Goodpasture syndrome is an autoimmune disease characterized by the simultaneous development of proliferative glomerulonephritis (typically crescentic) and necrotizing, hemorrhagic interstitial pneumonitis. Epidemiologically, it is associated with certain HLA subtypes and shows a male predominance; presentation is typically in the teens or twenties. Pathogenetically, IgG autoantibodies are directed against an epitope on the α3 chain of collagen IV. Collagen IV is non-fibrillar and is a key component of basement membranes. The autoantibody-induced basement membrane damage results in clinically significant glomerular and pulmonary injury. With respect to gross pulmonary disease, lungs are heavy, consolidated, and discolored red-brown. Microscopically, the Goodpasture syndrome lung shows focal alveolar wall necrosis with intra-alveolar acute hemorrhage and alveolar septal fibrotic thickening (Fig. 26.6).

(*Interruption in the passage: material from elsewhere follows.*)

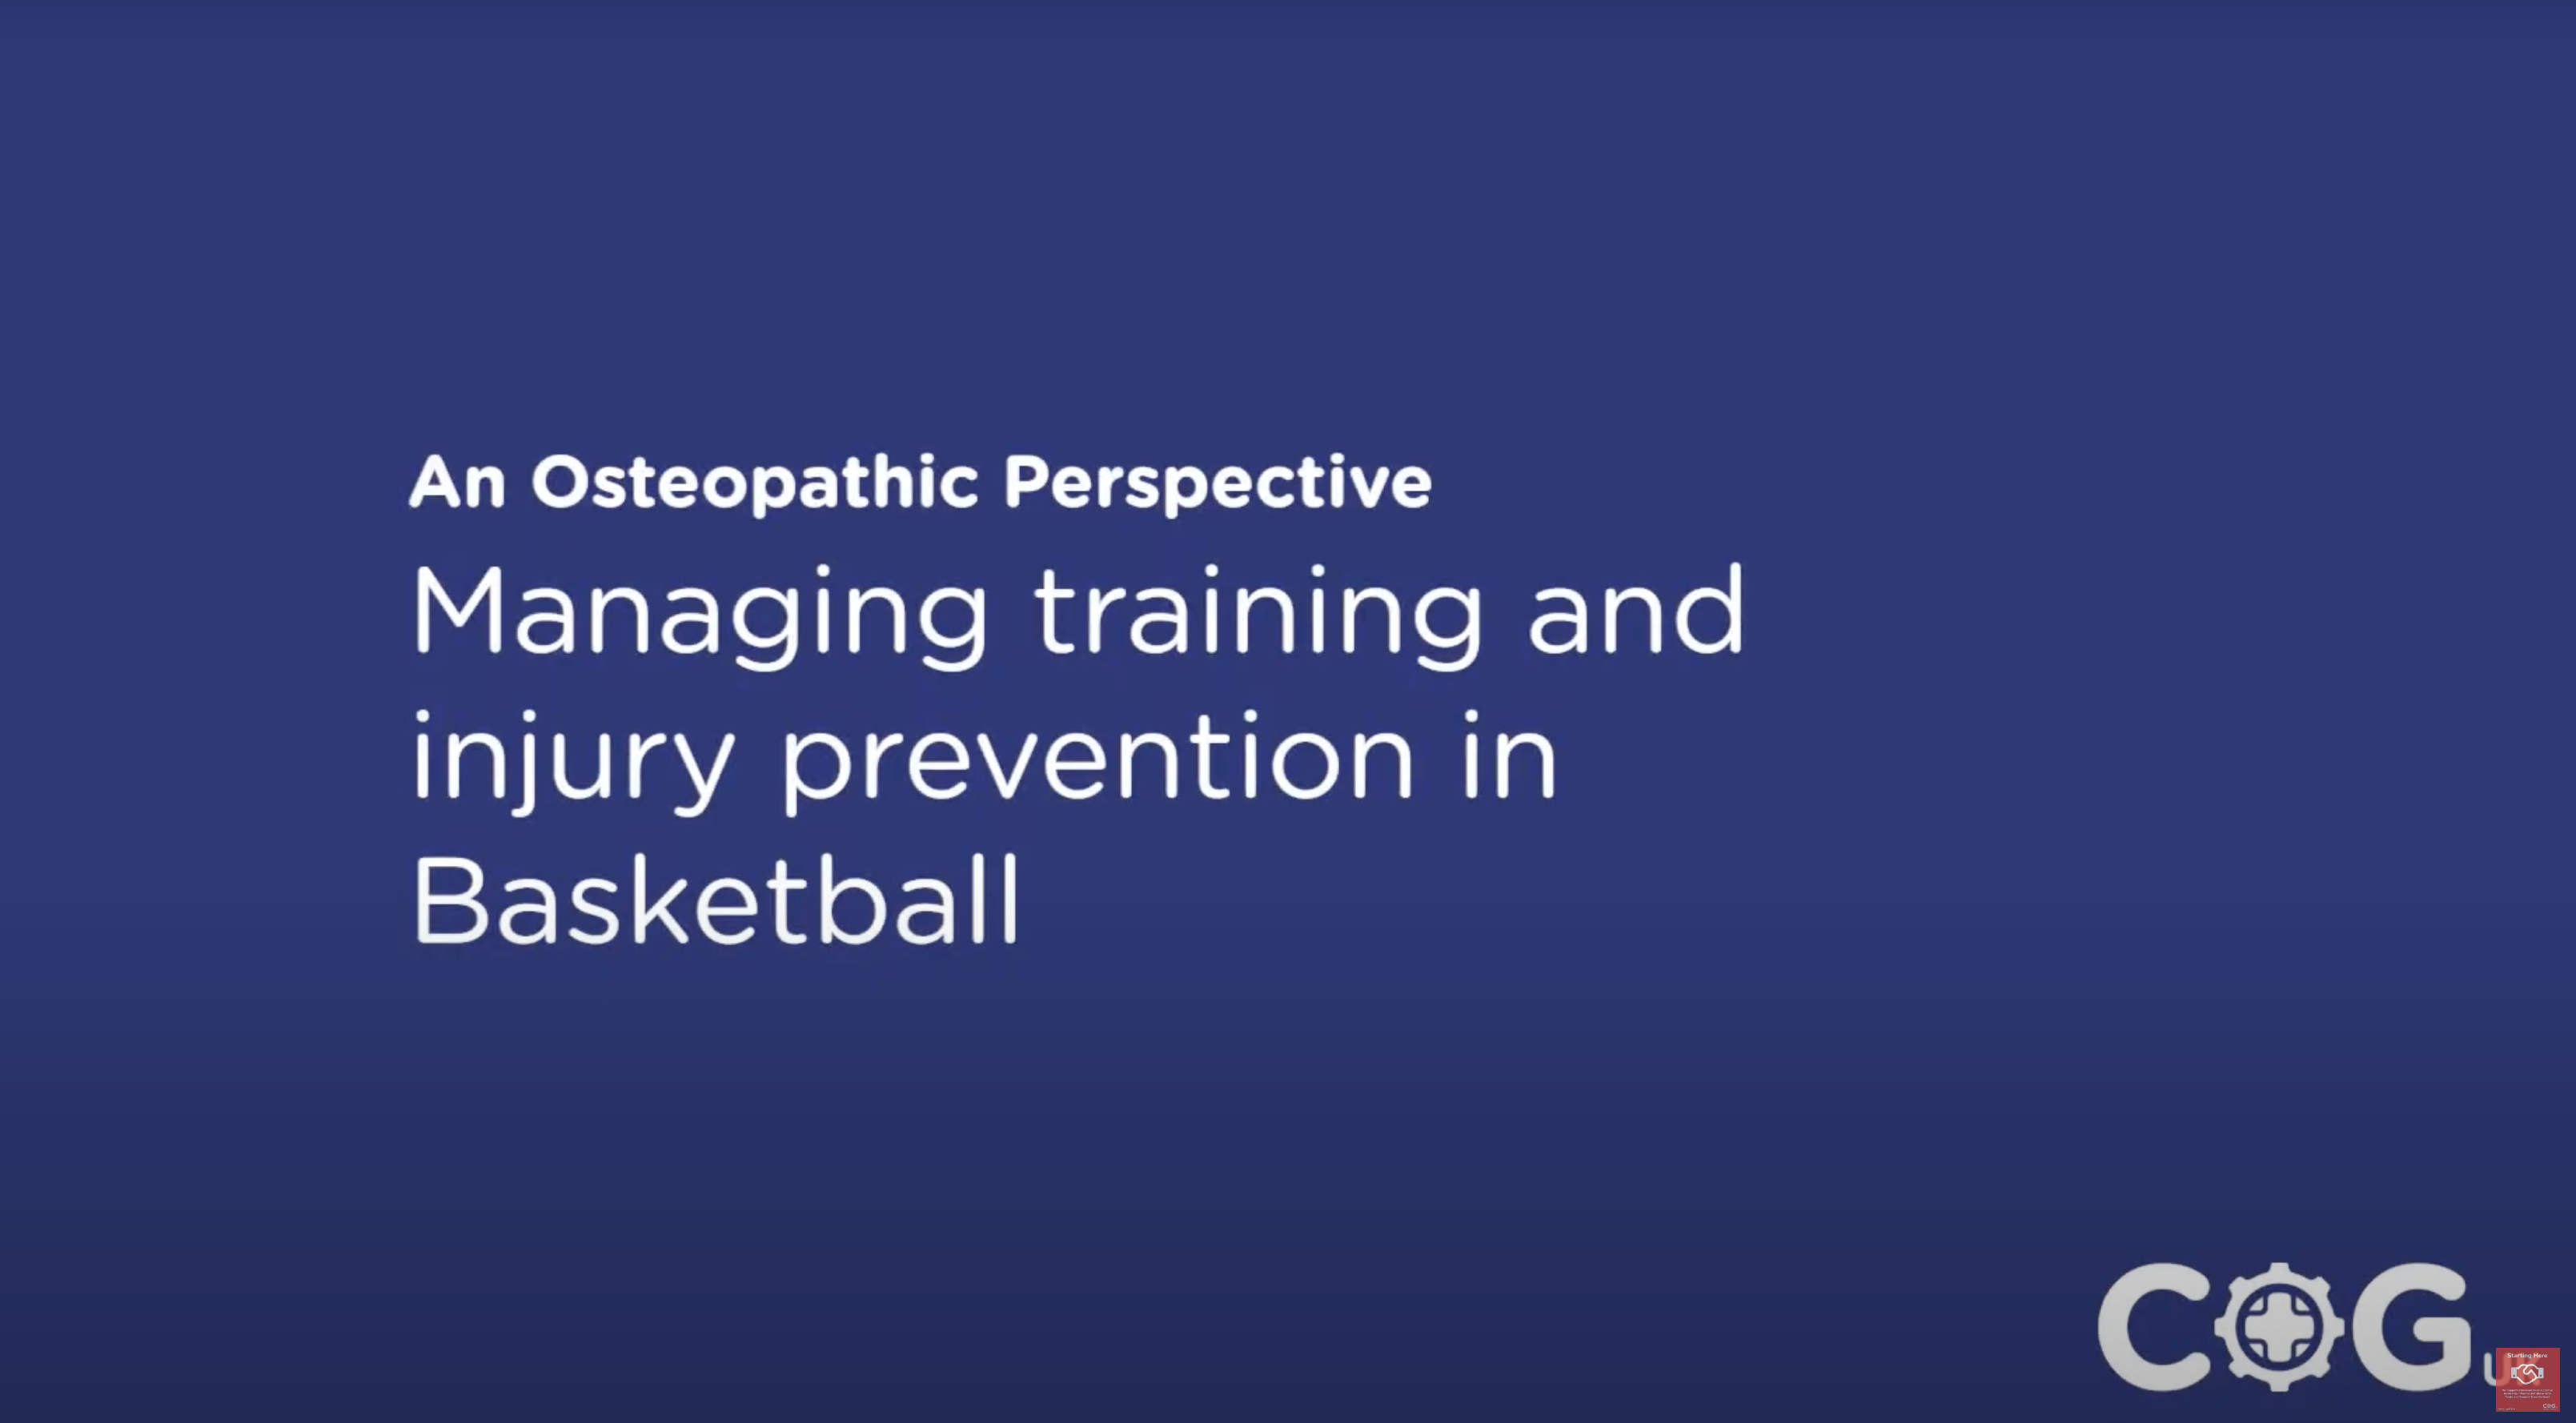 How To Manage Training And Prevent Injuries In Basketball?

In this example of Goodpasture syndrome, the lung shows extensive acute hemorrhage with focal interstitial thickening. From Travis et al. Atlas of Nontumor Pathology: Volume 2: Non-Neoplastic Disorders of the Lower Respiratory Tract, American Registry of Pathology; 2002.
CLINICAL CORRELATION 26.2
In the setting of suspected Goodpasture syndrome, immunofluorescence analysis of lung and/or kidney can be informative. In this disease, immunofluorescent labeling with IgG will show a linear basement membrane label of alveoli (Fig. 26.7) and glomeruli, rather than a granular basement membrane label typical of immune complex deposition. Immunofluorescence analysis requires frozen, nonfixed tissue. Consequently, in any situation in which immunofluorescence analysis would be helpful, it is important to promptly deliver fresh tissue to the pathologist to be frozen and sectioned for immunofluorescence labeling rather than placing the tissue in a fixative (eg, 10% formalin), as is typically done with biopsy specimens.
Immunofluorescent labeling of alveolar parenchyma with IgG. See Clinical Correlation 26.2 for more details. From Travis et al. Atlas of Nontumor Pathology: Volume 2: Non-Neoplastic Disorders of the Lower Respiratory Tract, American Registry of Pathology; 2002.
Clinically, the presentation of Goodpasture syndrome typically involves hemoptysis with the subsequent development of rapidly progressive renal insufficiency. Therapy involves removal of the pathologic autoantibodies by plasmapheresis and reduction of autoantibody production through immunosuppression.
Wegener's granulomatosis is a systemic vasculitis with a peak incidence in the fifth decade. Pathogenetically, it is likely a form of hypersensitivity, and patients typically have anti-neutrophil cytoplasmic antibodies with cytoplasmic localization (c-ANCA). Simplistically, the antibodies activate neutrophils, which then attack vascular luminal surfaces, resulting in vasculitis of small and medium-sized vessels. Like Goodpasture syndrome, the clinical scenario in Wegener's granulomatosis is dominated by simultaneous pulmonary and renal disease. Morphologically, respiratory tract involvement in Wegener's granulomatosis includes upper tract vasculitis, mucosal granulomata, and ulcers rimmed by granulomatous inflammation as well as lower tract necrotizing granulomatous inflammation (often with cavitation) and necrotizing or granulomatous vasculitis (Fig. 26.8). Renal involvement is typified by necrotizing glomerulonephritis, typically with crescent formation (extracapillary proliferation).
Wegener's granulomatosis. Granulomatous inflammation with a multinucleated giant cell (arrow) is in the center of the image. To the left is a mononuclear inflammatory infiltrate; to the right is necrosis infiltrated by neutrophils.
Idiopathic pulmonary hemosiderosis is a disease of children and young adults characterized by the insidious development of hemoptysis, anemia, and weight loss. Morphologically, lungs are heavy, consolidated, and discolored red to red-brown. Microscopically, lungs show alveolar epithelial degeneration, shedding, and hyperplasia; intra-alveolar siderophages; marked congestion of alveolar septal capillaries; and varying degrees of fibrosis.
CLINICAL CORRELATION 26.3
Figure 26.9 shows Prussian blue staining (Pearl reaction, iron stain) of the cytospin preparation from bronchoalveolar lavage fluid in the setting of idiopathic pulmonary hemosiderosis. Numerous hemosiderin-laden macrophages are seen, from which the disease takes its name. With this stain, hemosiderin is blue.
Prussian blue staining of the cytospin of cells recovered by bronchoalveolar lavage. See Clinical Correlation 26.3 for details.